EU Parliament advances methane reduction with Fit for 55 legislation


The European Parliament has adopted a new law to reduce methane emissions from the energy sector as part of the Fit for 55 initiative.

The new initiative is designed to help the EU achieve its climate goals and improve air quality. The legislation marks the first EU-wide effort aimed at cutting methane emissions and covers direct emissions from the oil, fossil gas, coal, and biomethane sectors, as well as the petrochemicals sector.

The driving force behind this new legislation is the need to tackle methane emissions, which are responsible for roughly a third of current global warming. By addressing this issue, the EU aims to reach its climate objectives and improve overall air quality.

The Fit for 55 initiative focuses on reducing methane emissions from a range of sectors, including agriculture, waste, and energy, which account for 53%, 26%, and 19% of EU methane emissions respectively, according to the European Environment Agency. Methane emissions are currently covered under the targets in the EU’s Effort Sharing Regulation.

The new law outlines obligations for operators to detect and repair methane leaks. Operators must submit a methane leak detection and repair programme to the relevant national authorities within six months from the date of the regulation’s entry into force. The legislation also includes more frequent leak detection and repair surveys, as well as strengthened obligations to repair leaks.

The parliament supports a ban on venting and flaring methane from drainage stations by 2025 and from ventilation shafts by 2027, ensuring safety for workers in coal mines. It also mandates EU countries to establish mitigation plans for abandoned coal mines and inactive oil and fossil gas wells.

MEPs call for the inclusion of imported fossil energy in the new rules, as imports make up over 80% of the oil and gas consumed in the EU. Starting from 2026, importers of coal, oil, and gas will be obliged to demonstrate that imported fossil energy also meets the requirements in the regulation.

After the vote, Jutta Paulus, rapporteur from the Group of the Greens/European Free Alliance, said, “Today’s vote is a commitment to more climate protection and energy sovereignty in Europe. Without ambitious measures to reduce methane emissions, Europe will miss its climate targets and valuable energy will continue to be wasted.

“We call for ambitious and stringent methane reduction measures.
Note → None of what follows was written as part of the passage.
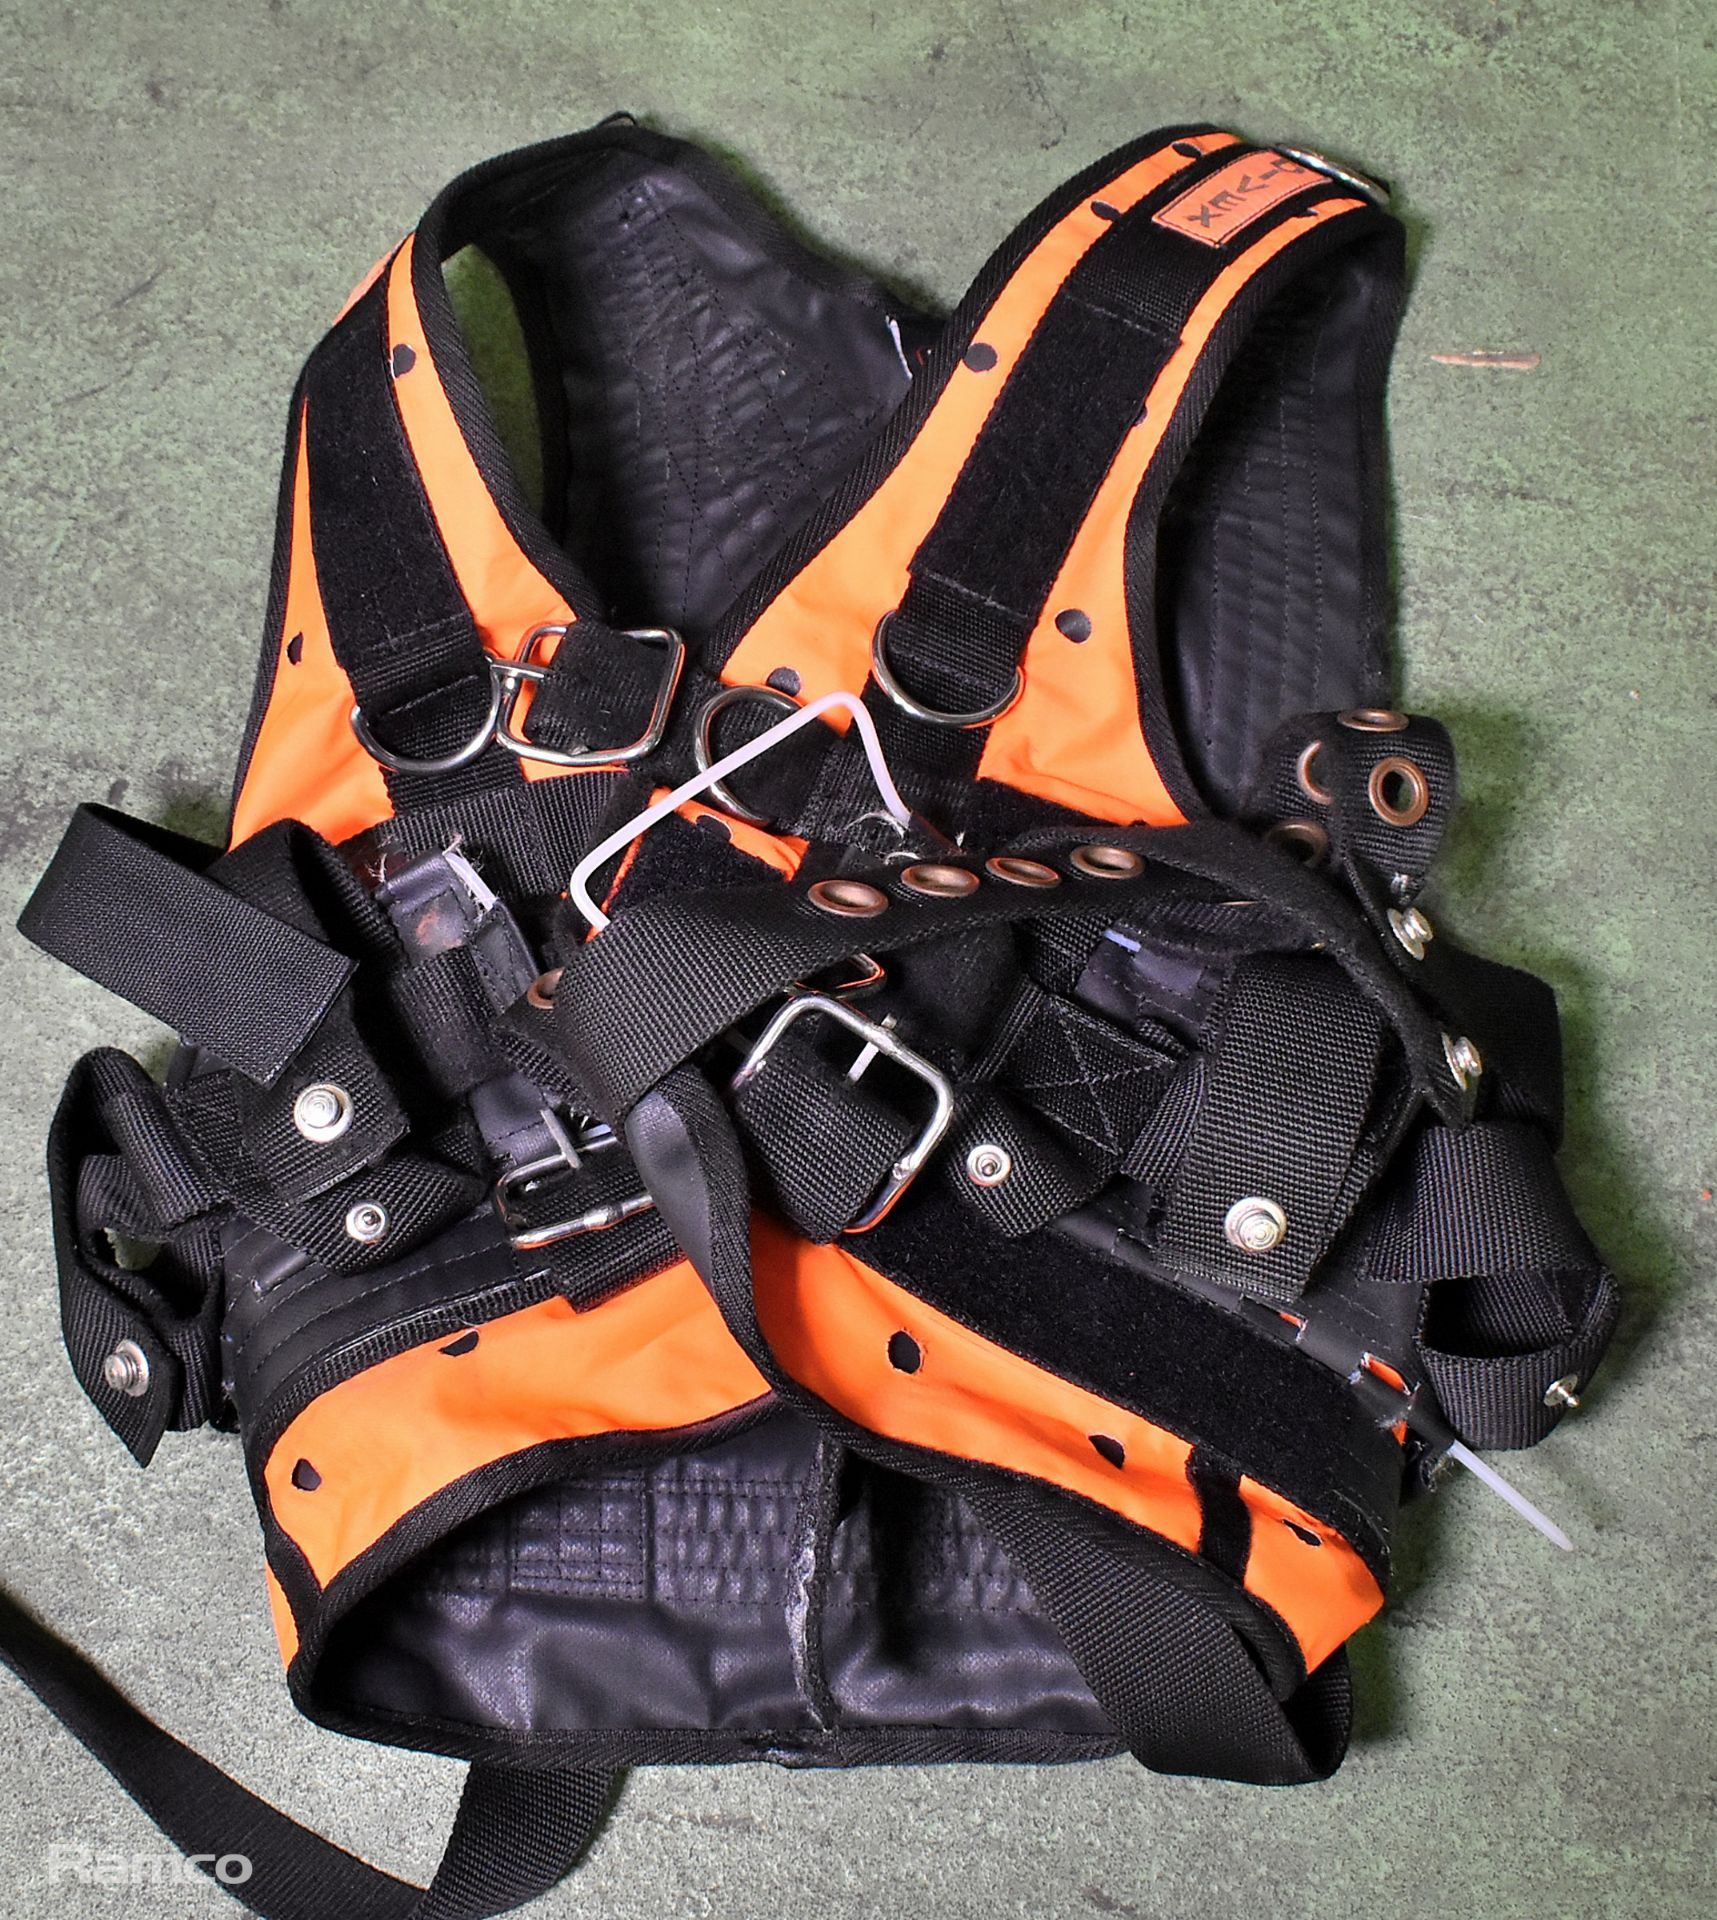 2x Northern Diver R-Vest harnesses - Manufacture Date: August 2017 - MAY REQUIRE CALIBRATION - Image 4 of 10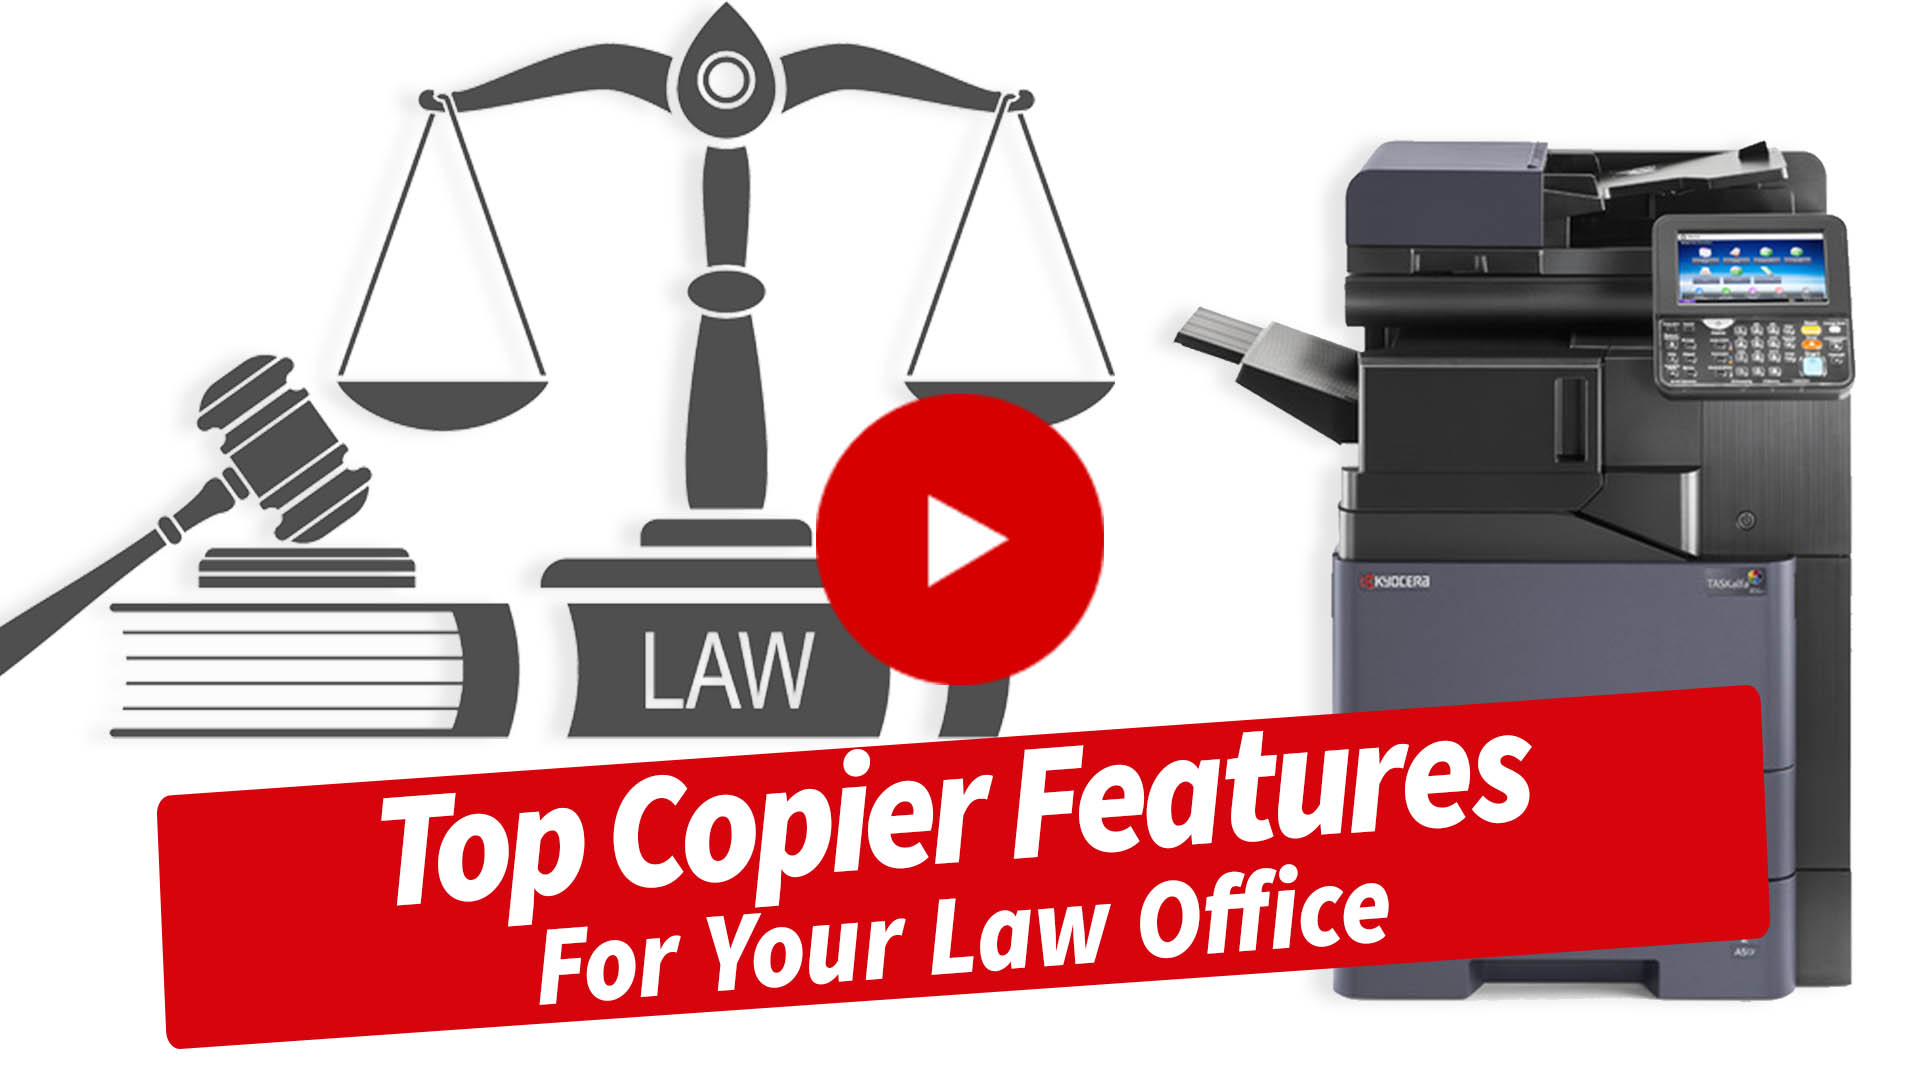 Top Copier Features For Your Law Office

In the energy sector, three quarters of methane emissions can be avoided through simple measures and without large investments. As Europe imports more than 80% of the fossil fuels it burns, it is essential to expand the scope to energy imports.”

The EU has signed up to the Global Methane Pledge, which aims to reduce global methane emissions by at least 30% from 2020 levels by 2030, potentially eliminating over 0.2˚C of warming by 2050.